LANSING, Mich. — Sen. Judy Emmons has introduced legislation to help prevent Michigan children from skipping class and outlining intervention measures for dealing with truant students.
“Addressing truancy throughout our state is a high priority as we know that success in life begins with consistent attendance in school,” said Emmons, R-Sheridan. “An illustration of the importance of education are the facts that nearly half of the people sent to Michigan prisons in 2012 did not graduate from high school and less than 30 percent of Michigan inmates can read at more than a third-grade level.
“Unfortunately, a major problem we have in addressing truancy is a lack of standard definitions for truancy and absenteeism — and, therefore, no reliable data on the prevalence of the problem or what school actions are working to reduce it.”
Senate Bill 105, sponsored by Emmons, would require a school board’s annual report regarding expulsions to include data about suspensions, truancy, chronic absence and disciplinary absence.
SB 103 would define truancy and chronic absenteeism in state law. “Truancy” would be defined as missing 10 unexcused days in a school year, and “chronic absenteeism” would be defined as being absent for at least 10 percent of the scheduled school days in a school year, including excused and unexcused absences and absences due to disciplinary reasons.
The bill would also prohibit a child from being suspended or expelled solely for truancy or chronic absence from school.
“Punishing students for skipping school by sending them home is counterproductive and can make a bad problem even worse,” Emmons said. “Students who miss school are more likely to struggle academically and drop out of school altogether, and the long-term impacts on both the dropout and society are tremendous. These measures would outline proactive steps for dealing with truant students while understanding that many students miss class for reasons beyond apathy, like dealing with problems at home or being bullied at school.”
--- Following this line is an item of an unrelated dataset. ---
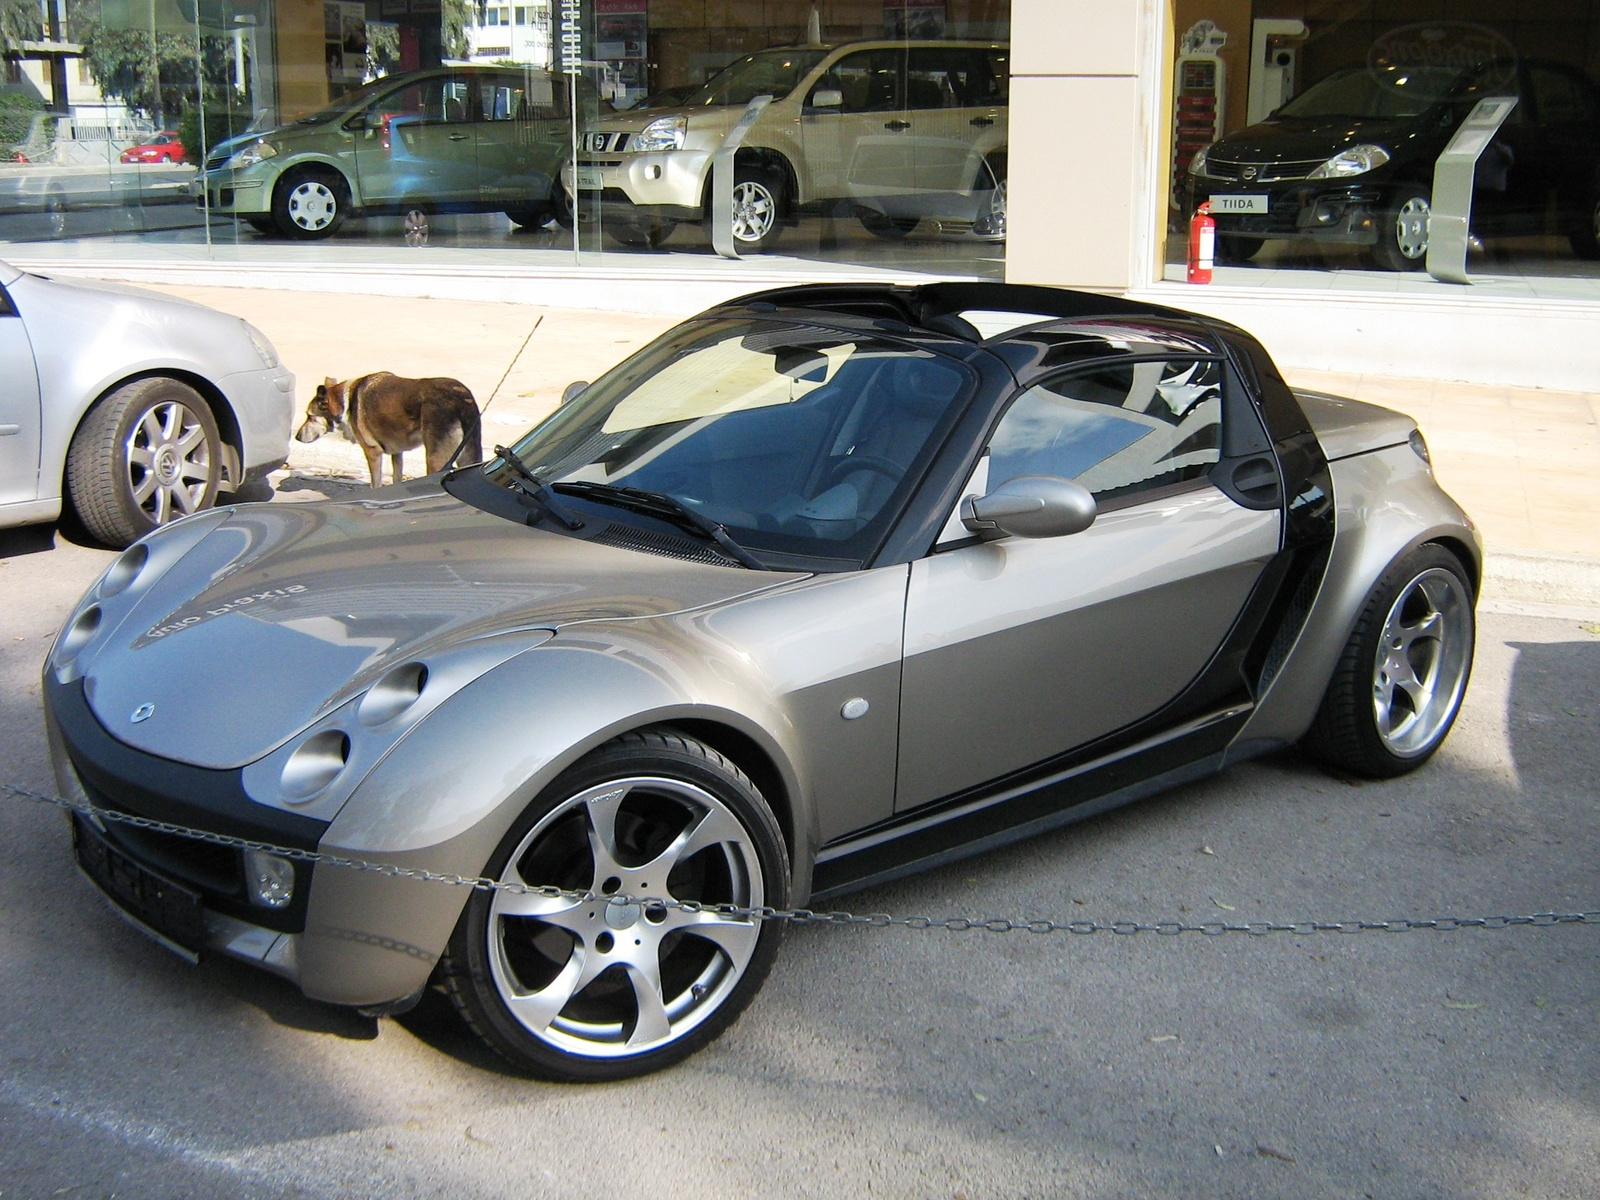 2004 smart roadster pictures cargurus. Black Bedroom Furniture Sets. Home Design Ideas

SB 104 would require a school district to notify a child’s parent to attend a meeting regarding the child’s attendance irregularity while also allowing a superintendent to consider the reason for the child’s absence and lesser interventions before requiring a meeting with a parent. SB 106 would extend the family court’s exclusive jurisdiction to a juvenile who was found to be truant.
SBs 103-106 have been referred to the Senate Families, Seniors and Human Services Committee, where Emmons serves as chairwoman.